4 Eat sleep-inducing foods
To get good ZZZs, we need a healthy balance of the naturally produced sleep-inducing hormones serotonin and melatonin in our systems. Adequate amounts of vitamin B6 and tryptophan are required to boost these hormone levels. Foods high in tryptophan include beans, lentils, soybeans, nuts (especially walnuts and cashews), spinach, whole grains, and poultry. Vitamin B6-rich foods include lean meat, fish, pistachios, apricots, raisins, spinach, spinach, broccoli, asparagus, and sweet potatoes. Also, high potassium and magnesium foods help relax muscles for better sleep. Whole grains, nuts and seeds, and dark green leafy vegetables all contain lots of magnesium. While potassium is found in bananas, oranges, potatoes, apricots, yogurt, and milk. It’s important to include adequate amounts of protein with carbs to stabilise blood-sugar levels. Also, make sure they and you drink plenty of water – we all need to be well hydrated for our sleep biochemistry to function well.
5 Focus on gratitude
This is one of my favourite techniques for helping little ones to get to sleep if they are upset – it works beautifully with adults too. Get them comfy in bed and then ask them to think of as many nice things that happened in their day as possible and how it made them feel. This last question is key – how did it make you feel? And where did it feel good in your body? They might need some initial prompting and will then often say – it felt good in my tummy or in my chest. Gently prompt them to recapture that feeling in their body maybe by placing their hand on their belly or chest and breathing into that spot.

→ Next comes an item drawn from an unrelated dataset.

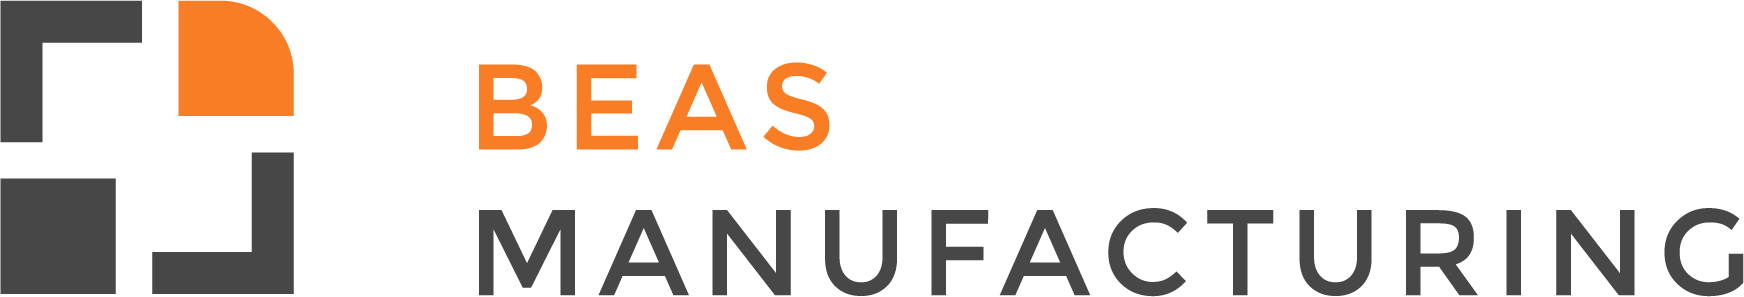 beas_manufacturing_logo
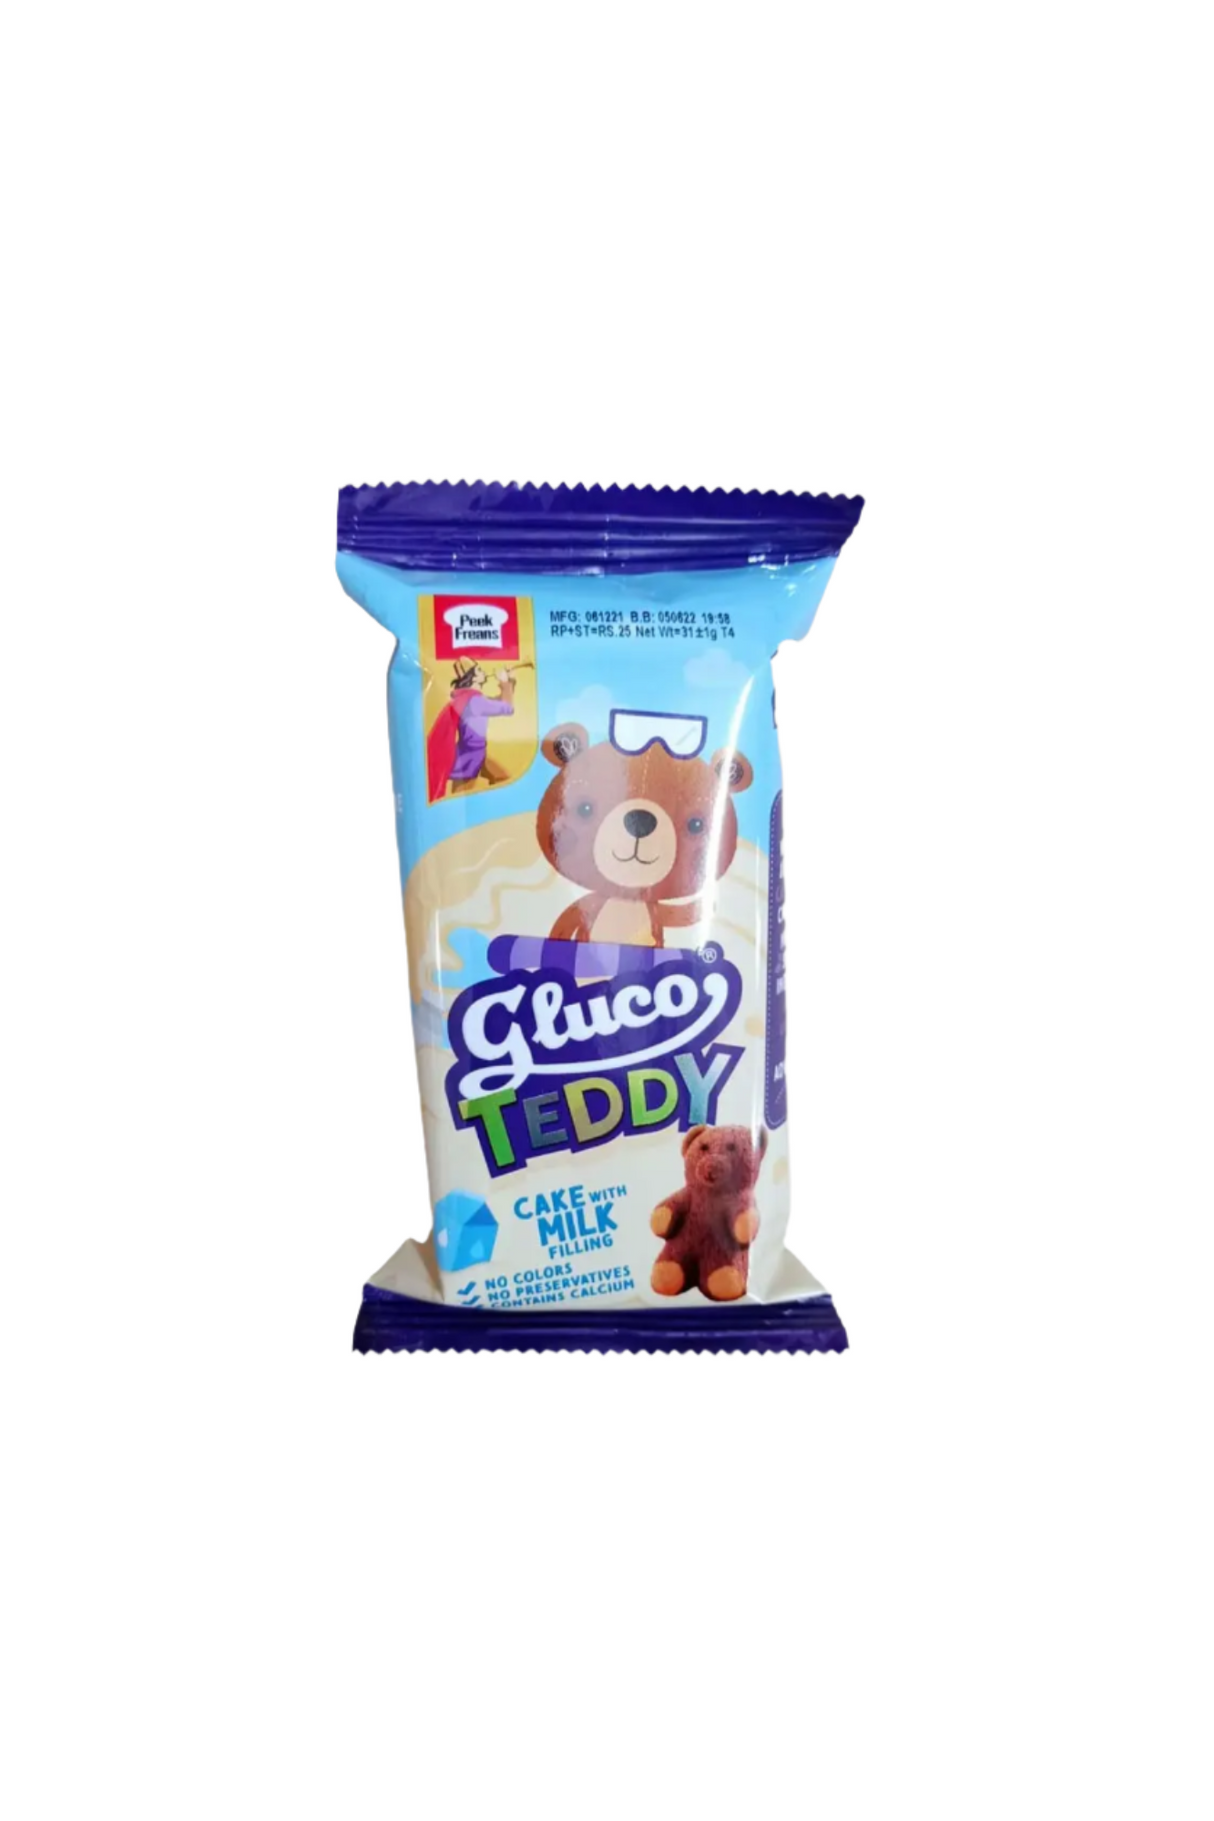 peek freans biscuit gluco teddy milk 40rs

Dr Nerina Ramlakhan has worked as a professional physiologist and sleep expert for 25 years. As a former insomniac, Nerina combines her professional experience with academic and personal insights, and believes sleep problems are not simply about sleep, but rather about how we deal with life and its inevitable challenges.
Nerina is author of Tired But Wired (Souvenir Press, 2010), Fast Asleep, Wide Awake (Thorsons, 2016), and The Little Book of Sleep: The Art of Natural Sleep (Gaia, 2018) and her work has been featured in The Times, Telegraph, Guardian, New Scientist, Psychologies, Red and Healthy Living magazines. She has also appeared on numerous national TV and radio programmes including This Morning, Jamie and Jimmy’s Friday Night Feast, Sky News and BBC Radio 2. Dr Nerina is also a Stylist editorial contributor and gives her expert opinion for the Stylist Sleep Diaries, an ongoing weekly feature where readers can record their routines and receive her expert advice on their lifestyle and bedtime routines.
Nerina enjoys yoga, meditation, running and cycling and has completed 7 marathons and several iron man triathlons. She has a sixteen-year-old daughter and lives in London.